* **ACTIVITY**
Give every line of the material back exactly, images removed.

Start of DATA BLOCK

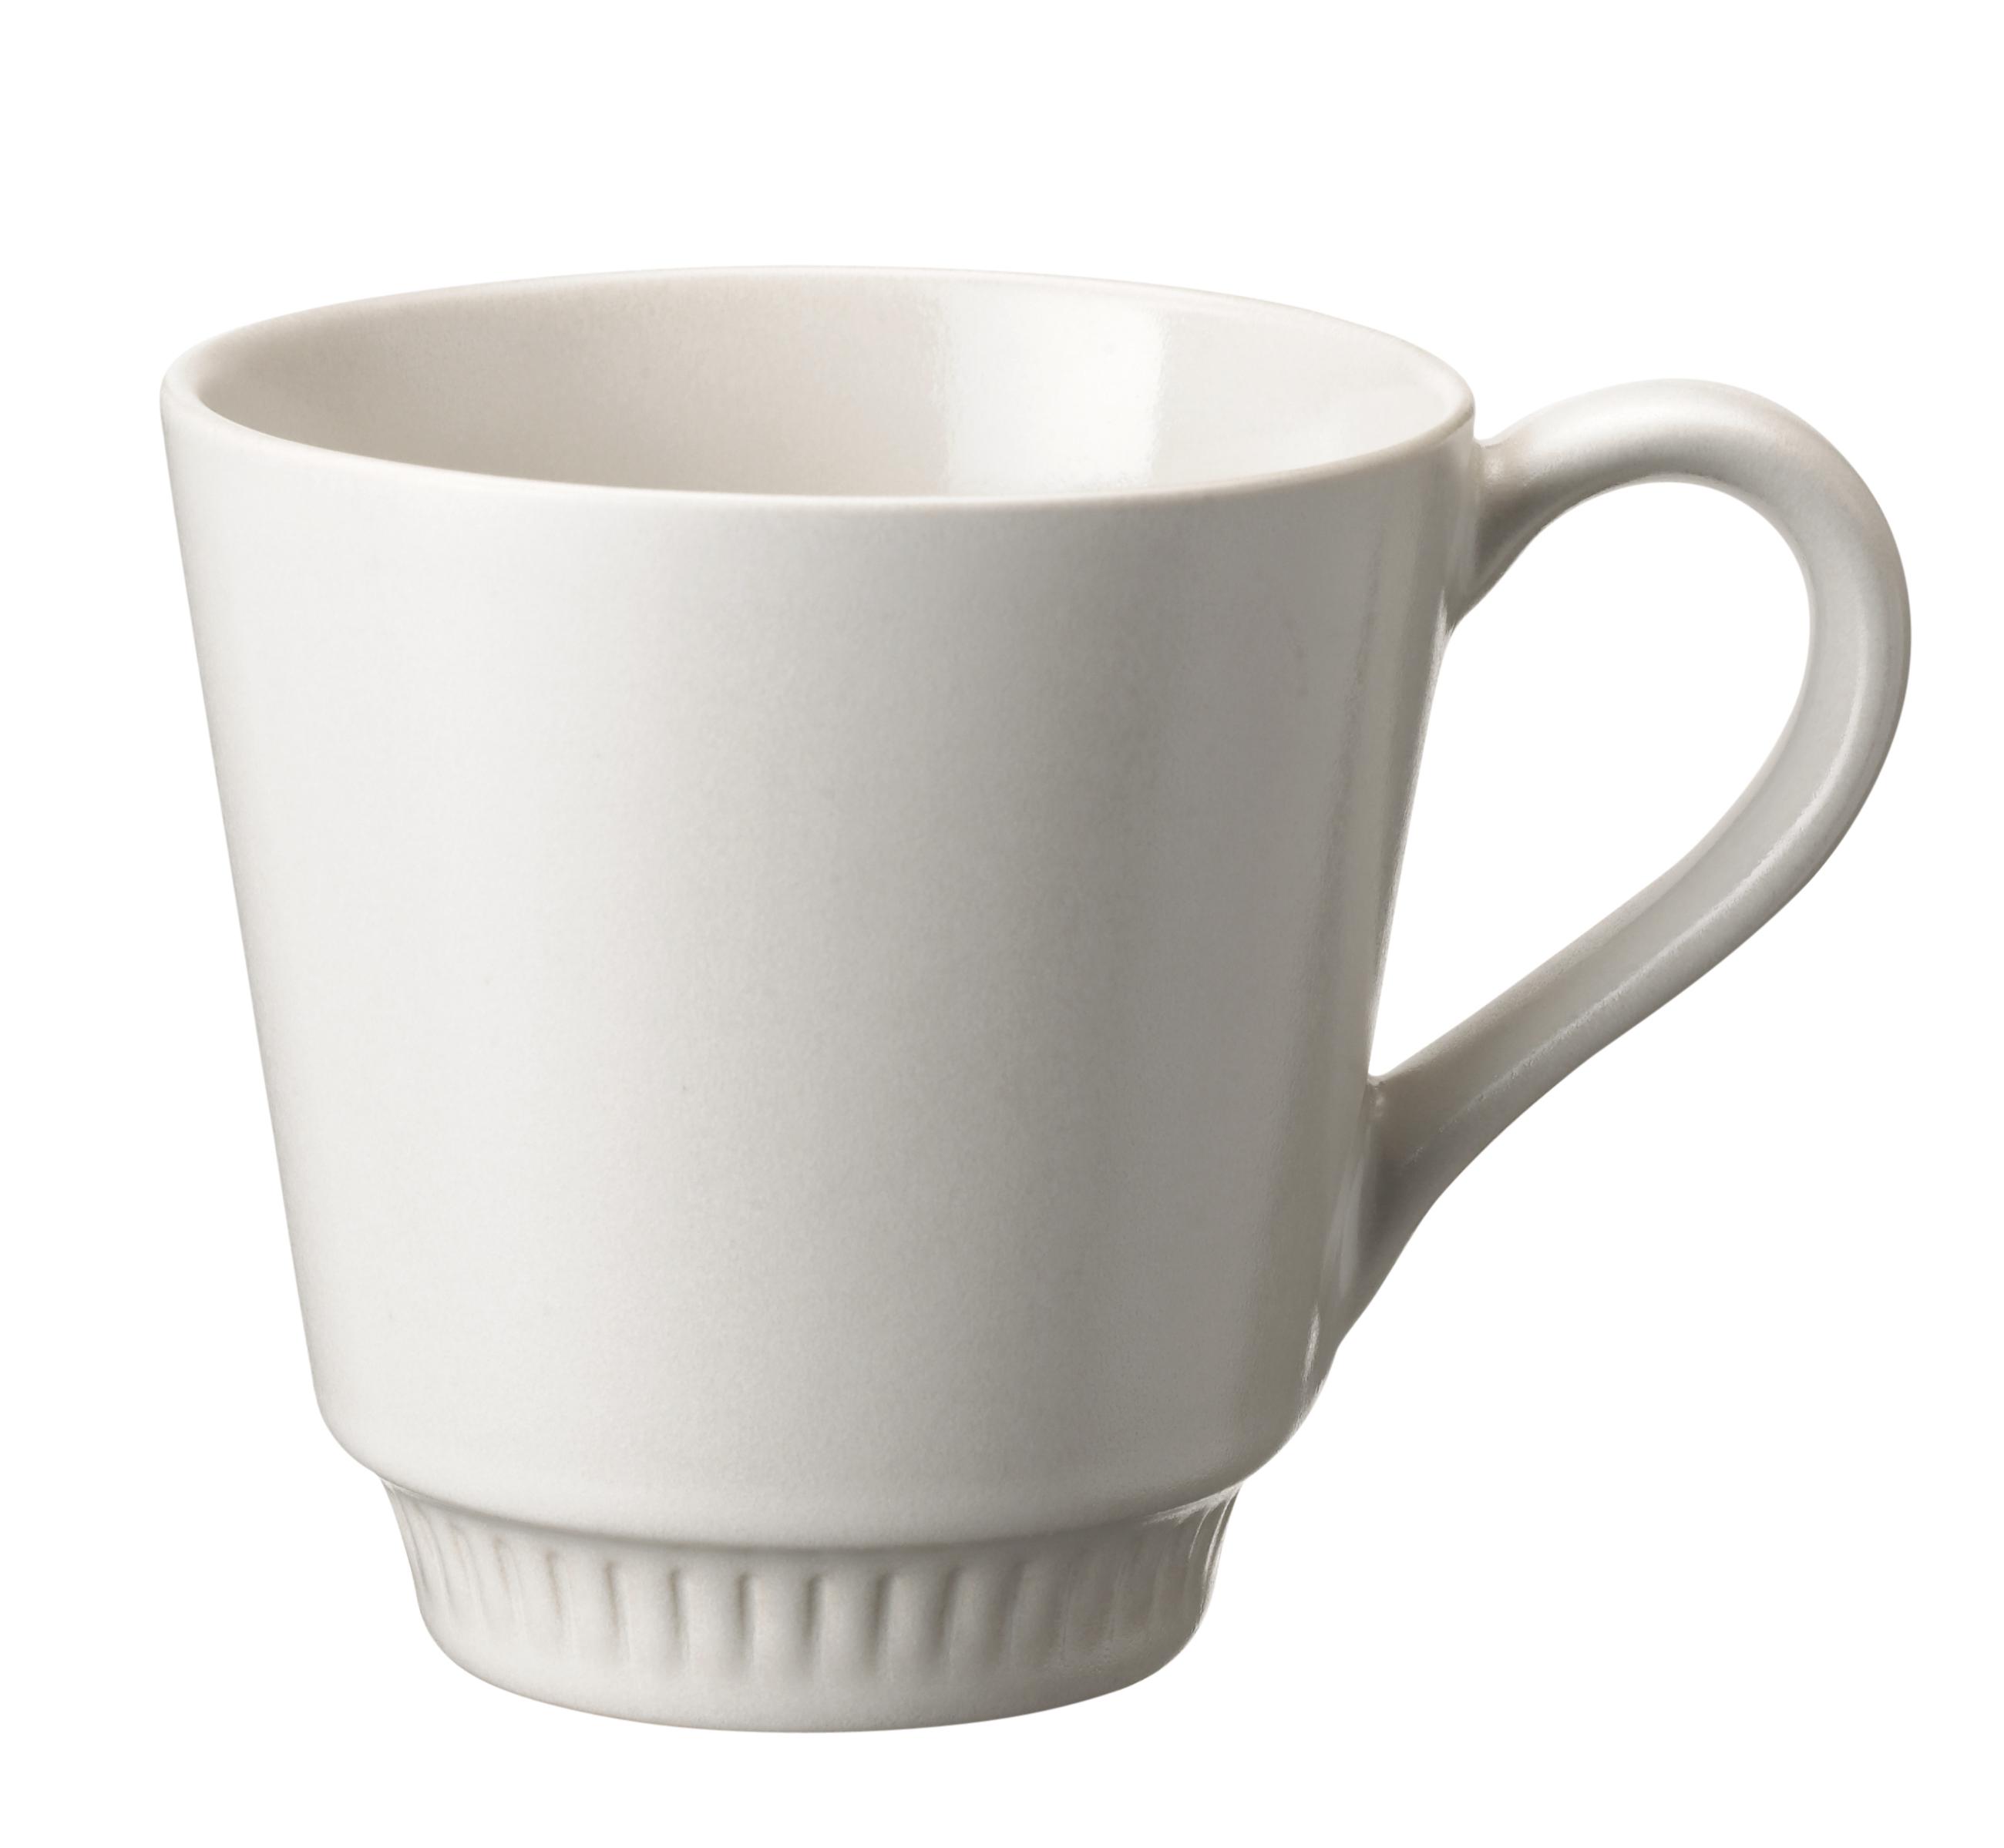 Knabstrup Tasse weiß
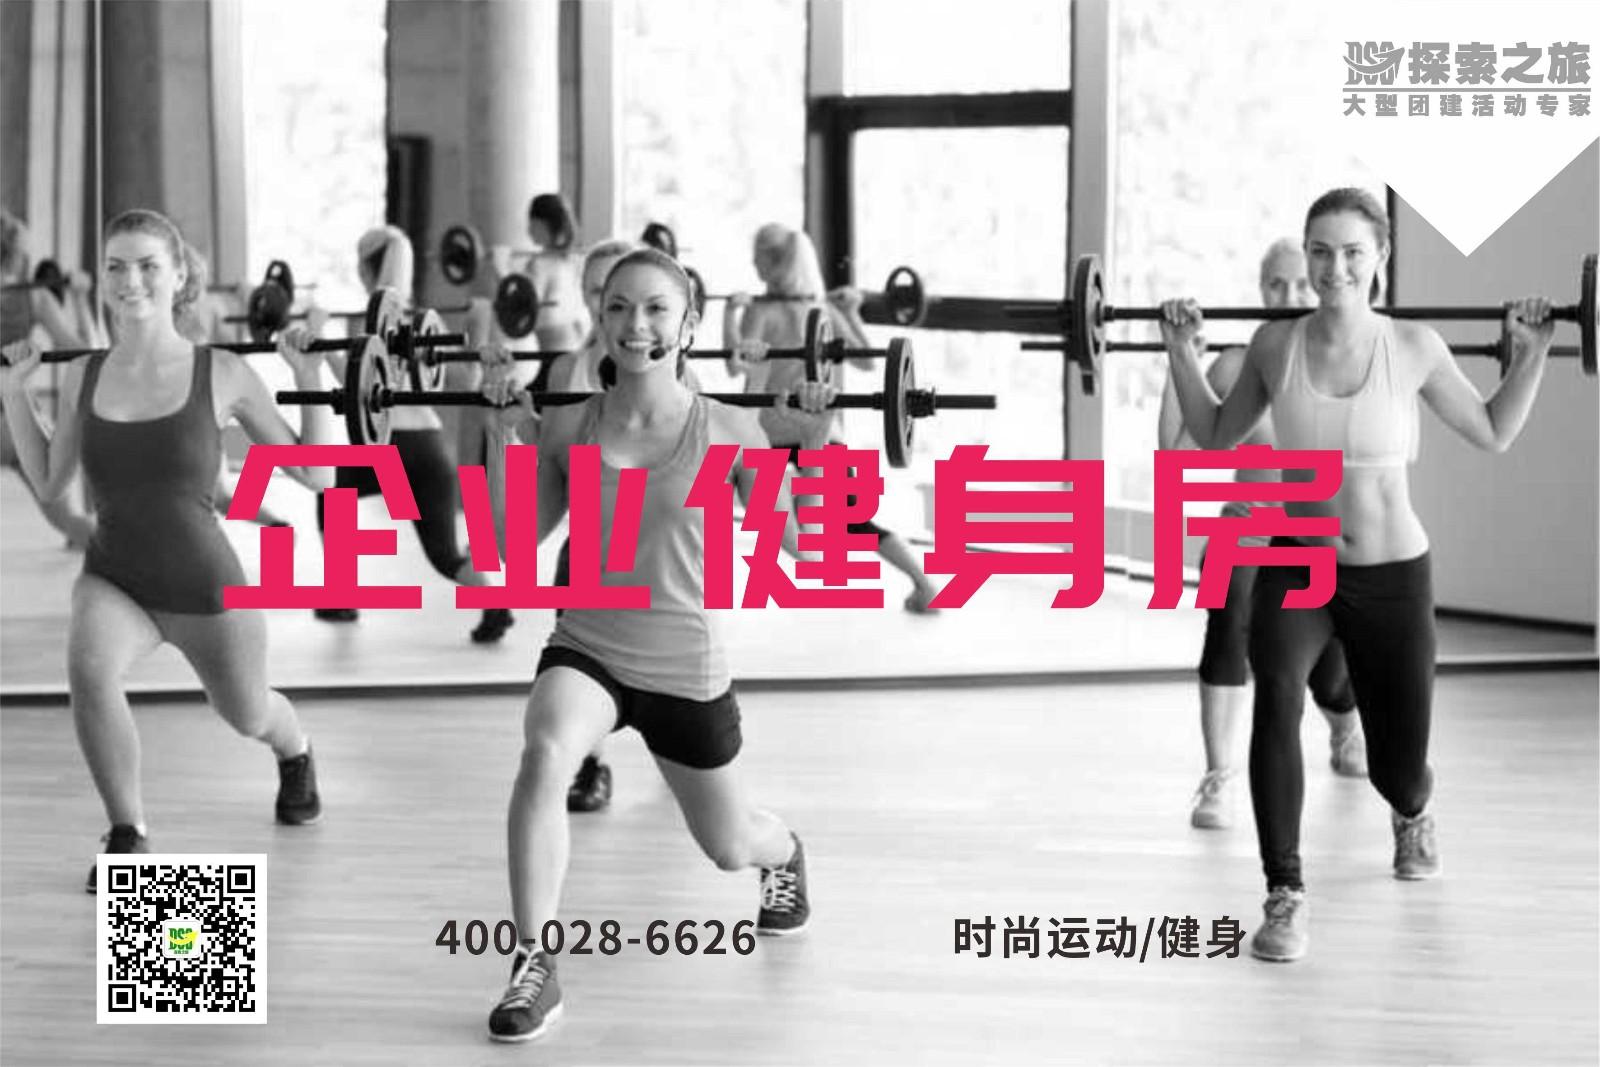 【微团建】企业健身房
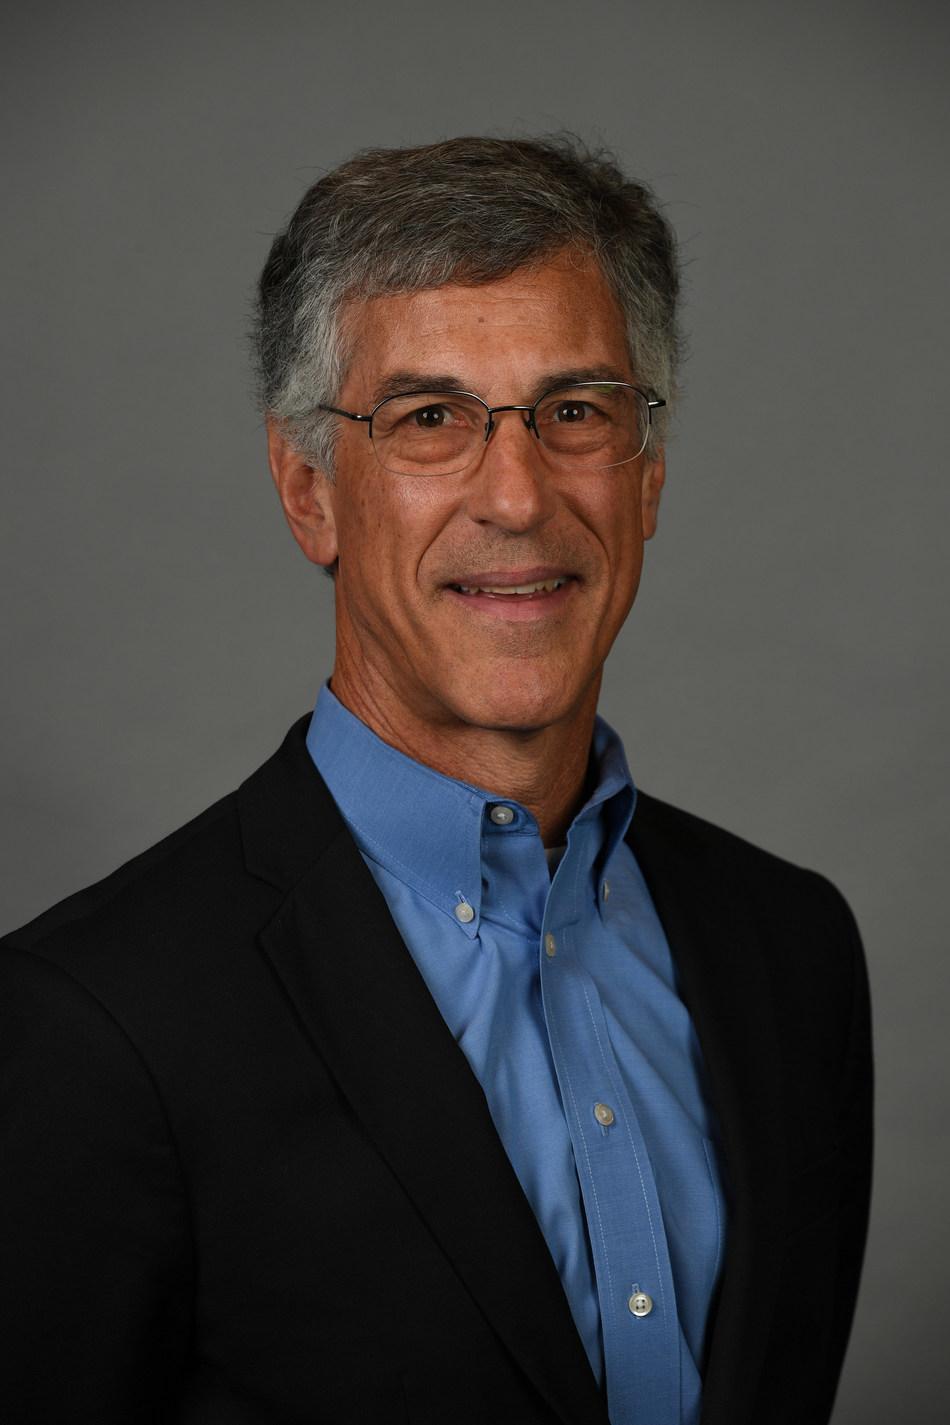 Daniel Bailin, UniKey SVP Sales and Marketing
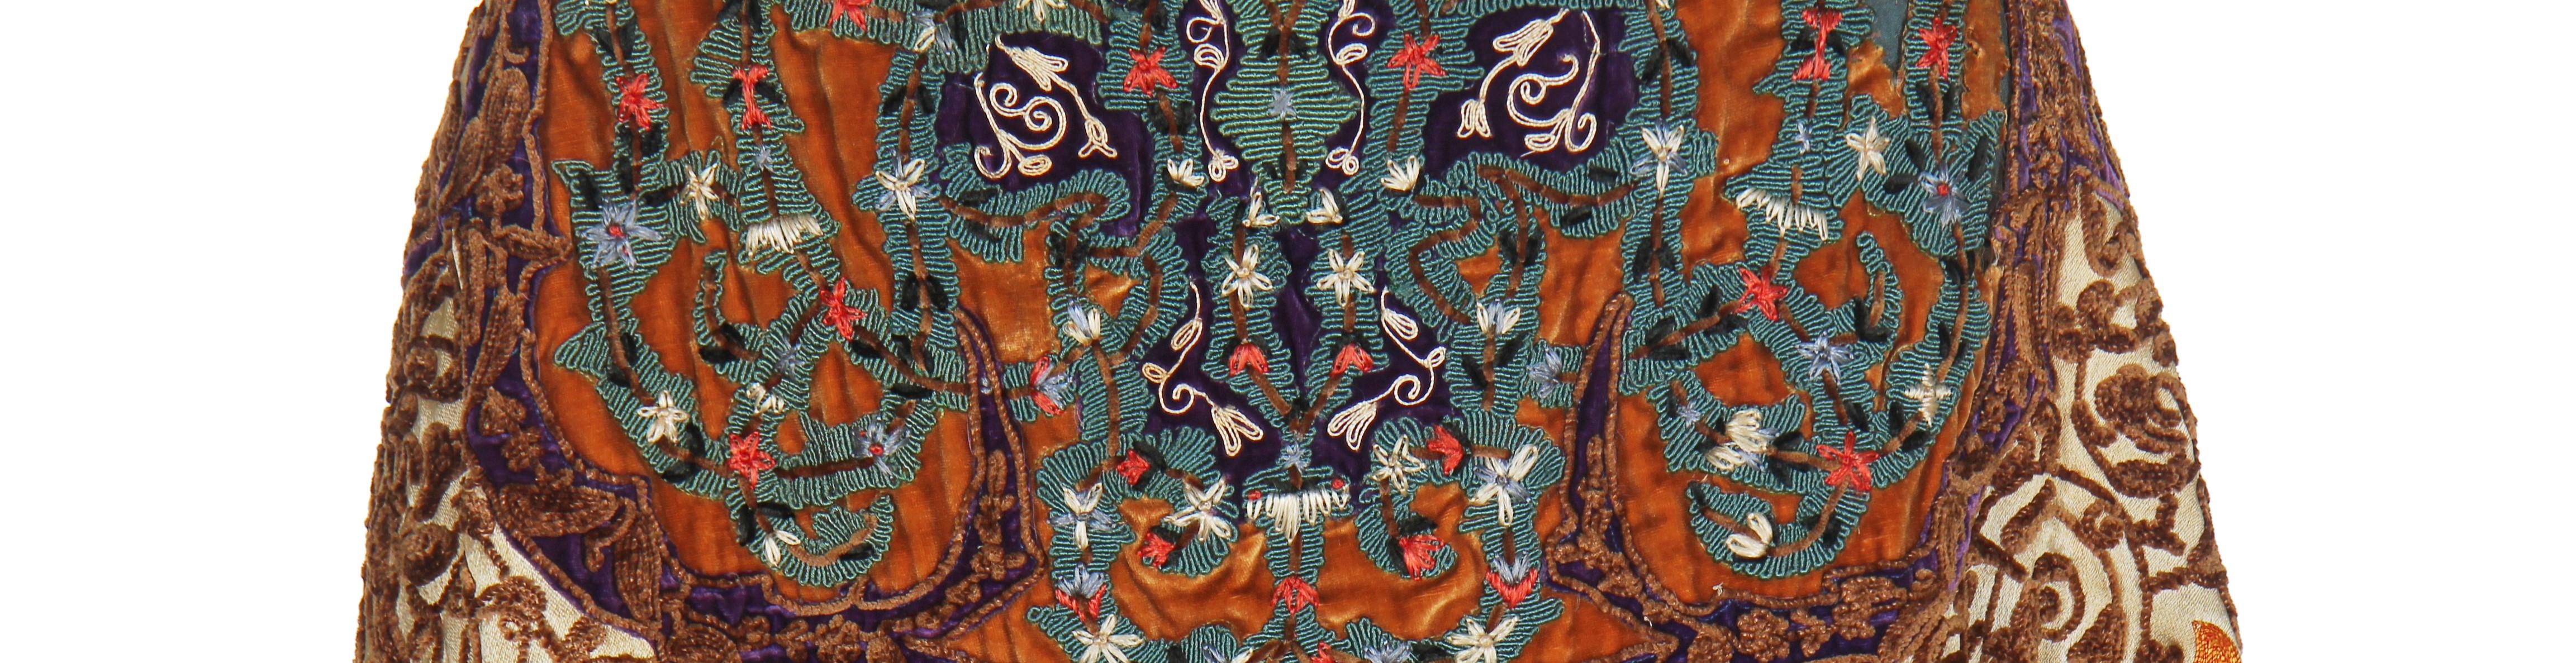 Vintage, Antique Textiles & Passion for Fashion

End of DATA BLOCK

* **FINISHED EXERCISE**
 Knabstrup Tasse weiß
 【微团建】企业健身房
 Daniel Bailin, UniKey SVP Sales and Marketing
 Vintage, Antique Textiles & Passion for Fashion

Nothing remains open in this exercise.